Christ Lutheran Church is a congregation in the Andhra Evangelical Lutheran Church and is a member church of the West Godavari synod. It is a major A class parish and is a mother church to several smaller and younger congregations in and around Narsapur, West Godavari. The current pastors are Rev. V.Rajendra Sundar and Assist.pastor Rev.P.P.S.kiran. The church follows the Lutheran liturgical traditions.

== History ==
The corner stone was established in 1923 by Fr. Barger and Fr. Heyer and the Church was started in 1929 and is therefore more recent than other churches in the synod. Several pastors have ministered in this church including some Europeans in the early years.
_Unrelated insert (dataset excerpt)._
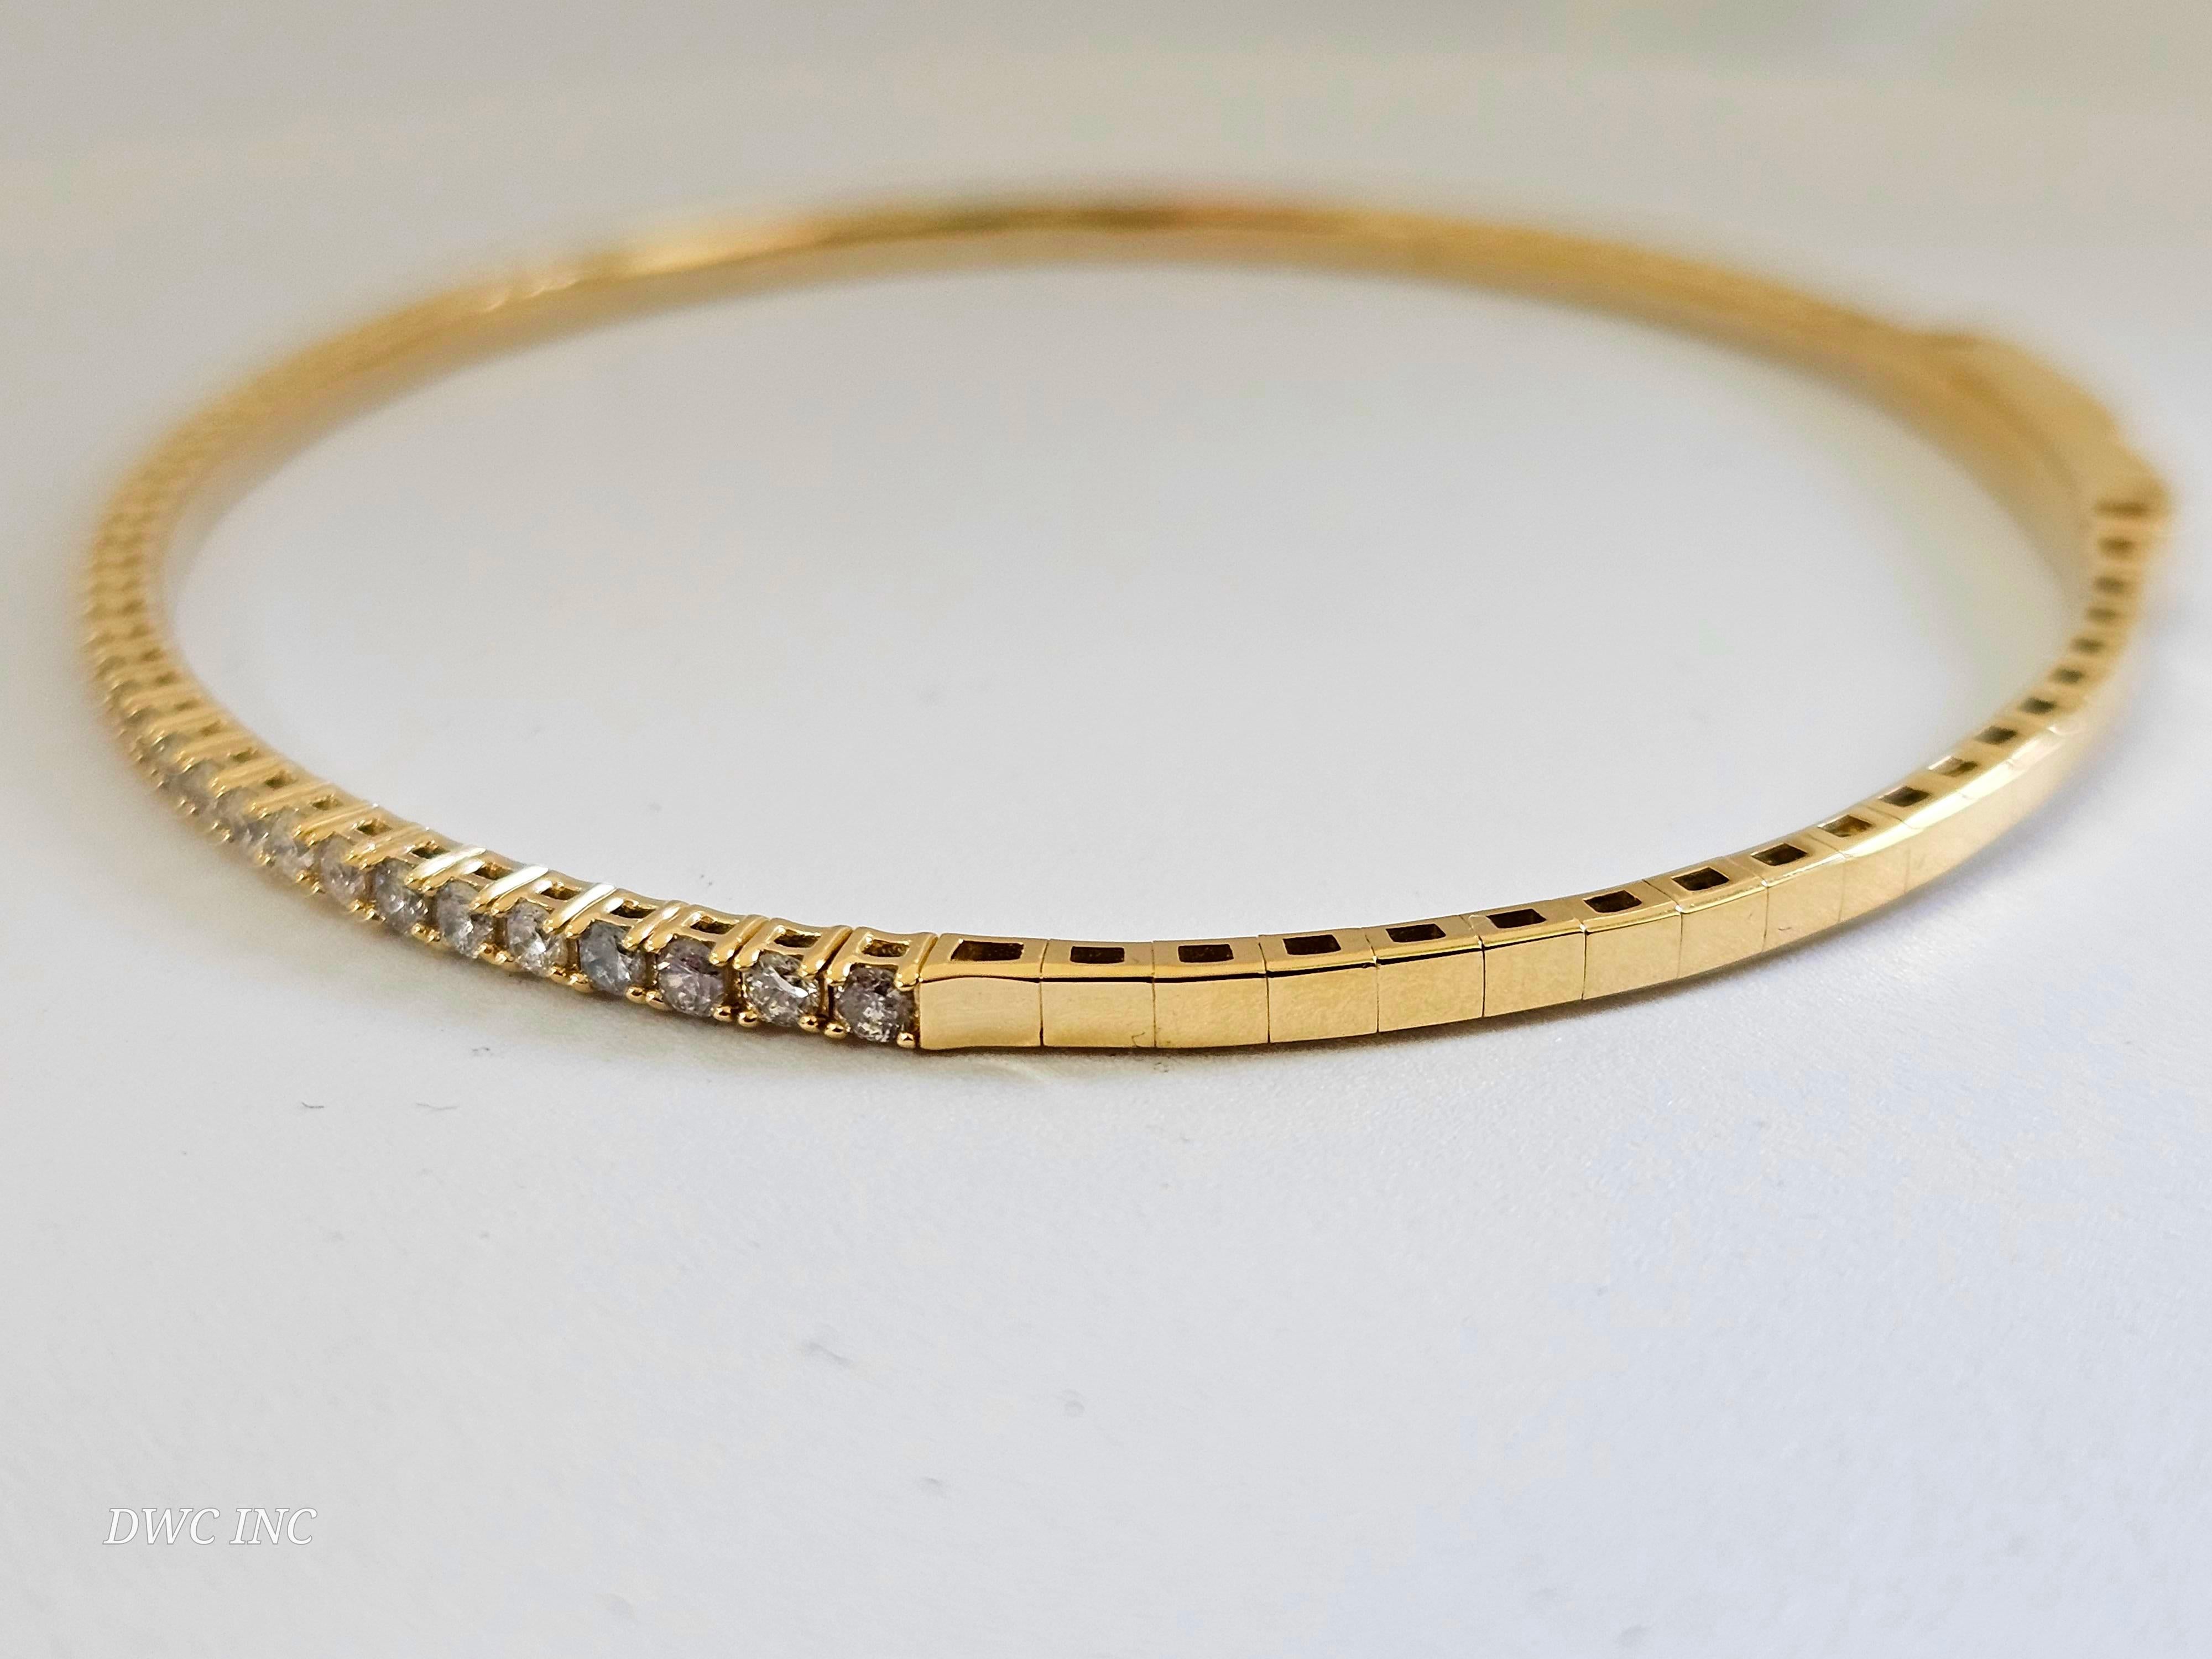  0.83 Carat Round Brilliant Cut Diamond Mini bangle Bracelet 14 Karat Yellow Gold Unisexe

The church register is a rich historical record of the events that have taken place in the church since 1929.

== Architecture ==
The church is considered a landmark in the town. It is a beautiful brick structure. The church was built in the gothic architectural style with a brick exterior. The bell tower soars to an admirable height and houses a bell with an excellent tone. The bell was manufactured in Watervliet, New York by the Meneely Bell Foundry and was said at the time (1925) to have been "one of the finest church bells ever shipped" from the foundry. The church also has a beautiful stained glass for an altarpiece.

== Current situation ==

The church has celebrated its platinum jubilee. The church undergone major renovations for the same. New pews and chandeliers were installed.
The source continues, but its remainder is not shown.